Applied Machine Learning 2023 - Final Project

"As a data scientist, I can predict what is likely to happen, but I cannot explain why it is going to happen. I can predict when someone is likely to attrite, or respond to a promotion, or commit fraud, or pick the pink button over the blue button, but I cannot tell you why that's going to happen. And I believe that the inability to explain why something is going to happen is why I struggle to call 'data science' a science."
[Bill Schmarzo, Author of "Big Data: Understanding How Data Powers Big Business"]

Project description:
The final project is a machine learning project on what-ever-you-want! Analyse data from a research group at NBI, figure out, if the stock market can be figured out, test if you can beat your friends in games with AI, try to estimate the selling price of houses, challenge the world on Kaggle, etc. Now, we highly encouraged you to find your own data, and there are few limits to what we will accept. And it does not have to be physics related! However, it should be sizable and have some levels of complexity in it, as this is one of the points of evaluation. But it may be numbers, text, images, sound, ???, or a combination of any of these. The only really strict requirements are, that you use Machine Learning algorithms on some sizable data, and that you work in a group.
Groups should ideally consist of 3-5 persons. However, we also allow for smaller groups (1-2 persons), which will have the same deadline, but who will present their projects towards the end of the exam. We highly encourage groups, as this is the ideal way of learning, and how most project work functions in both academia and industry. Click here to register your group (don't worry - not final).

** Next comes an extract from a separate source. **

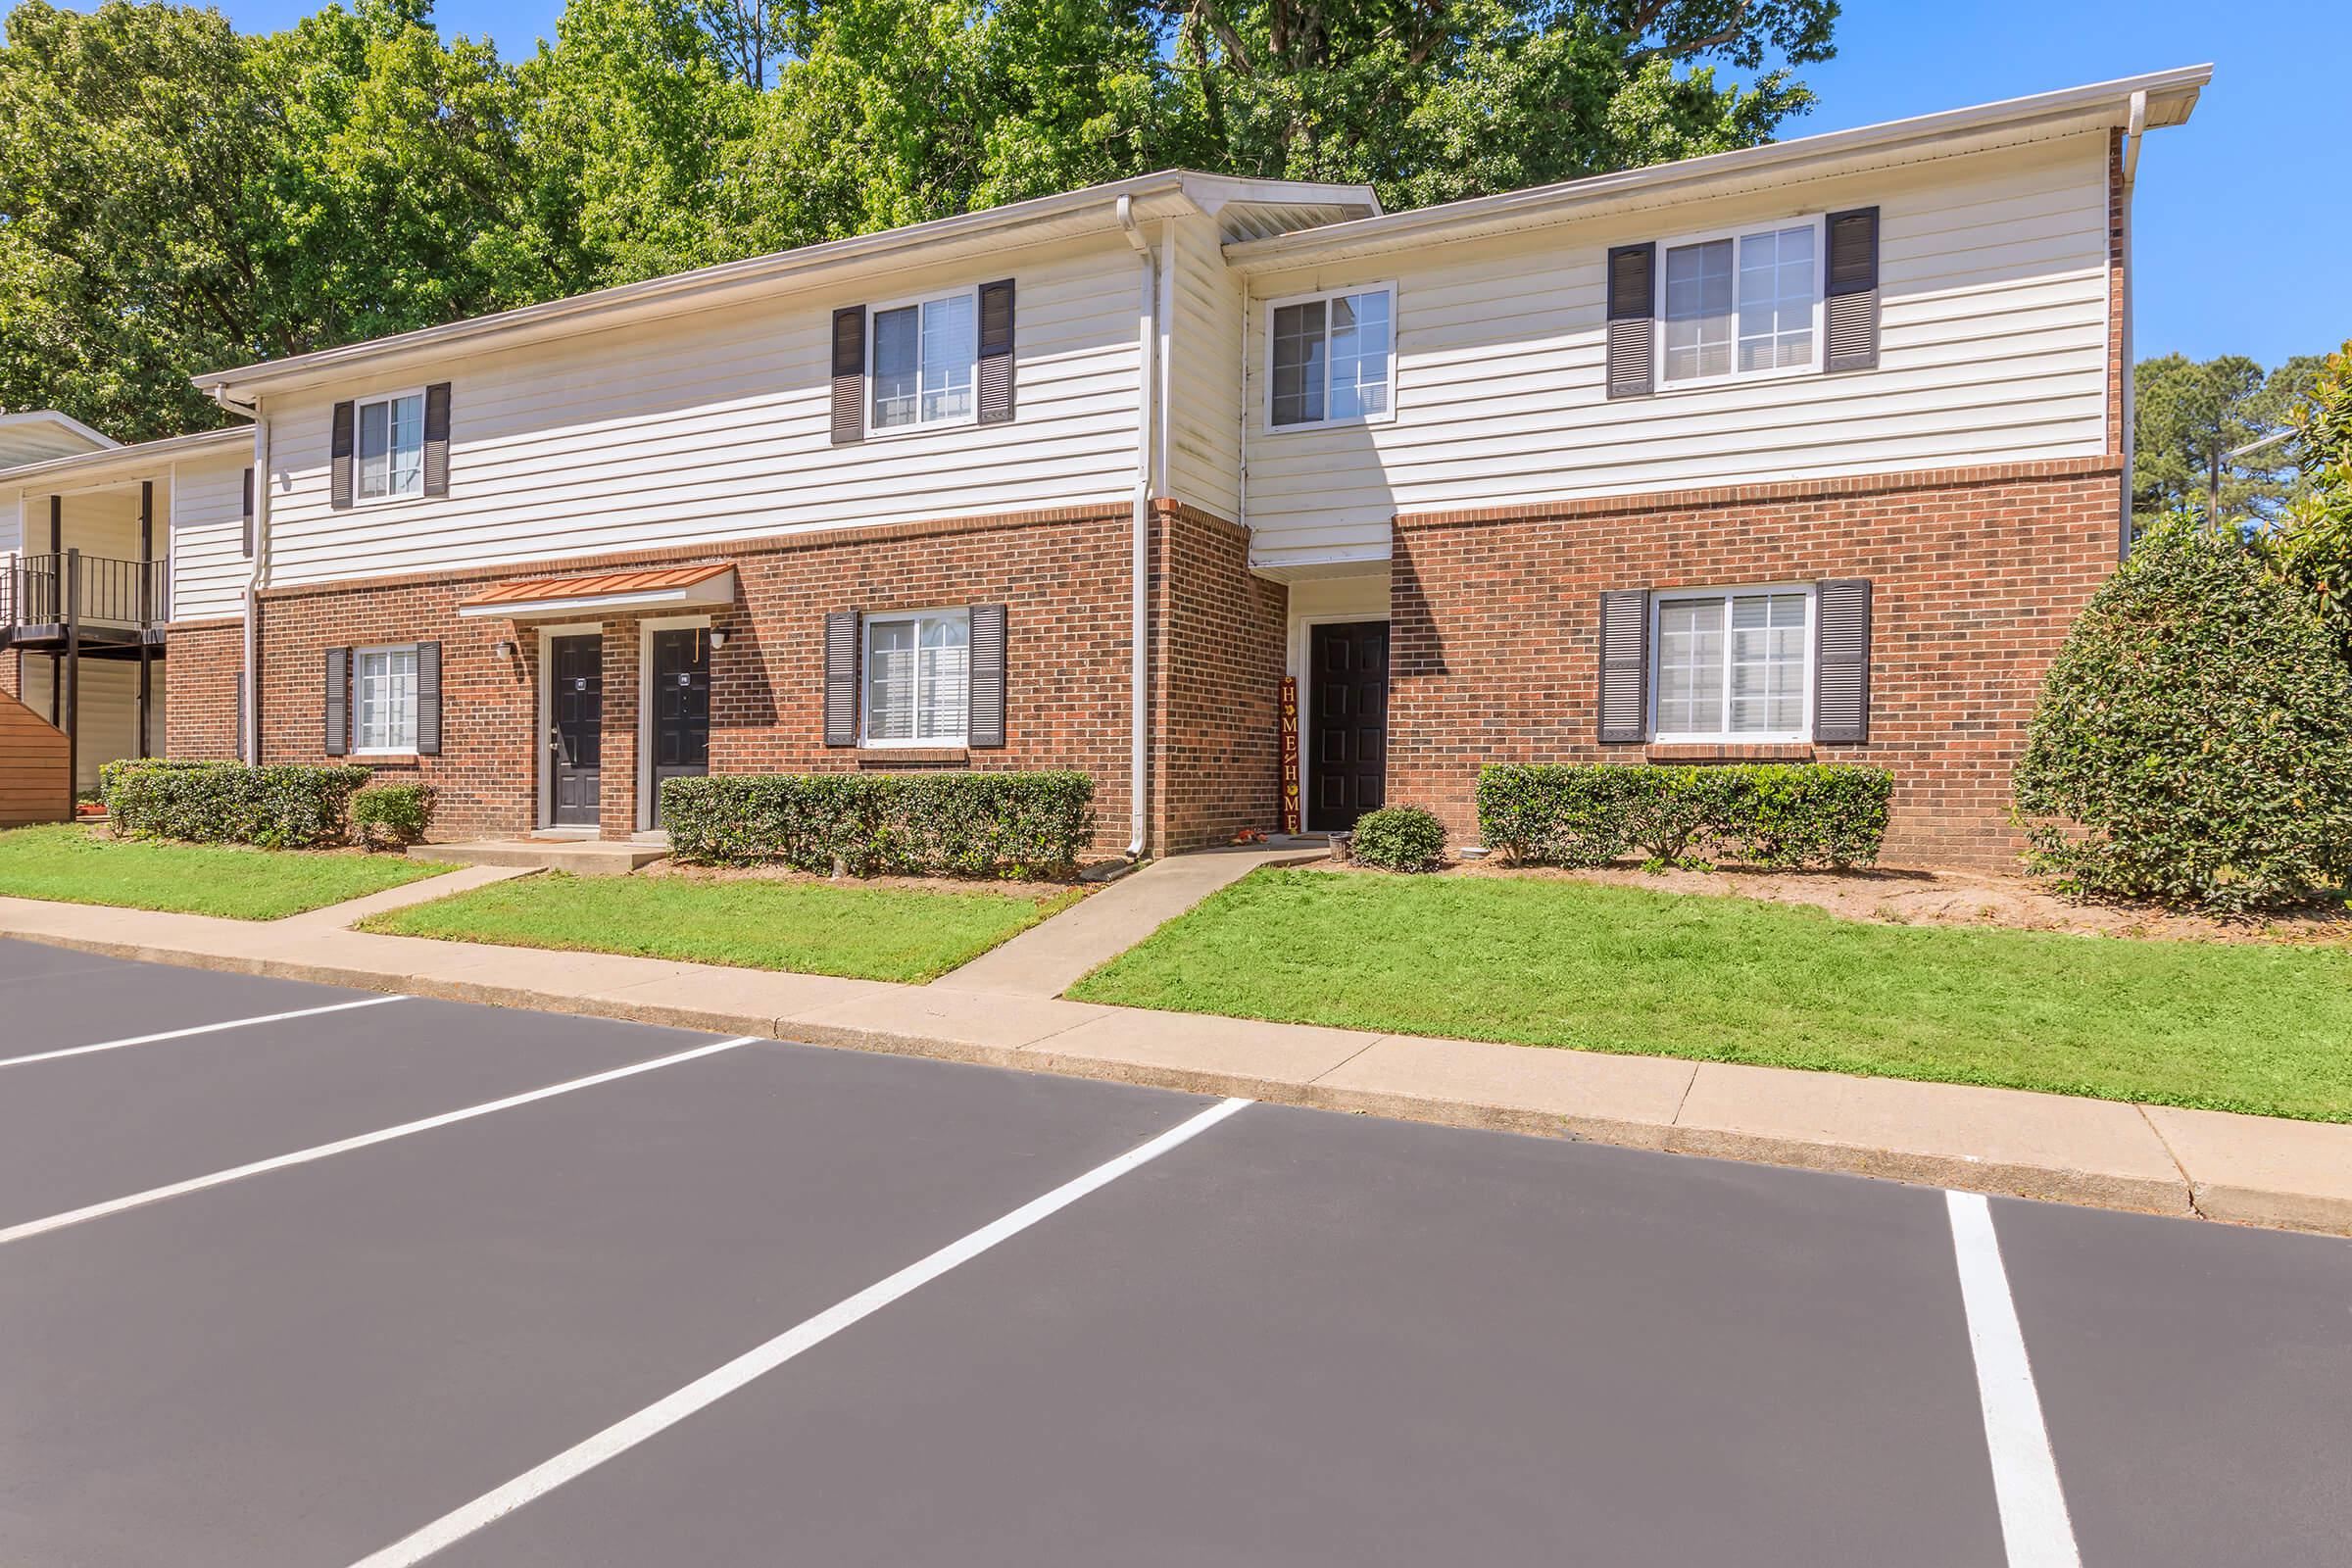 ONE, TWO AND THREE BEDROOM APARTMENTS FOR RENT IN GREENVILLE, NC

The aim/target of the ML algorithm developed is secondary and also entirely up to you. However, you may want to consult with us/others regarding the feasibility of your project, though it is not a requirement, that you have fully succeeded at the end.

You should submit the project via Absalon by 22:00 on Tuesday the 13th of June 2023. Exam presentations are the following two days (14th and 15th of June).

Existing data sets:
In case you do not have or do not want to find your own data (with all of its related pitfalls), below we provide a short list of possible data sets that we have in store, and which can be transfered to you "immediately":
  • Identifying ancient "insoluables" from images in Peruvian ice cores (multiclassification, medium, TP)
  • ATLAS V0 particle identification (classification, easy, TP)
  • ATLAS electron energy reconstruction with Convoluted Neural Networks (regression, medium-hard, TP)
  • IceCube neutrino direction reconstruction with Graph Neural Networks (regression, hard, TP)
  • Classification of and regression on astronomical objects (classification and regression, easy-medium, CS)
  • Generating "Synthetic Fault Surfaces”, i.e. how earthquake break fault surfaces in complex patterns (generative, ?, CS)
  • Using nature-inspired algorithms to find large-scale structure in the Early Universe (classification, ?, CS)
  • Clustering of data from Coma Cluster (no pun intended) treasure dataset (clustering, ??)
  • This list will be updated!!!!

    The list may change over time and further information may be added. Until such a time, contact the "data set responsible" regarding details. In discussion with last year's students, the following is a compilation of experiences from last years final projects (a list of which can be found at the main course webpage).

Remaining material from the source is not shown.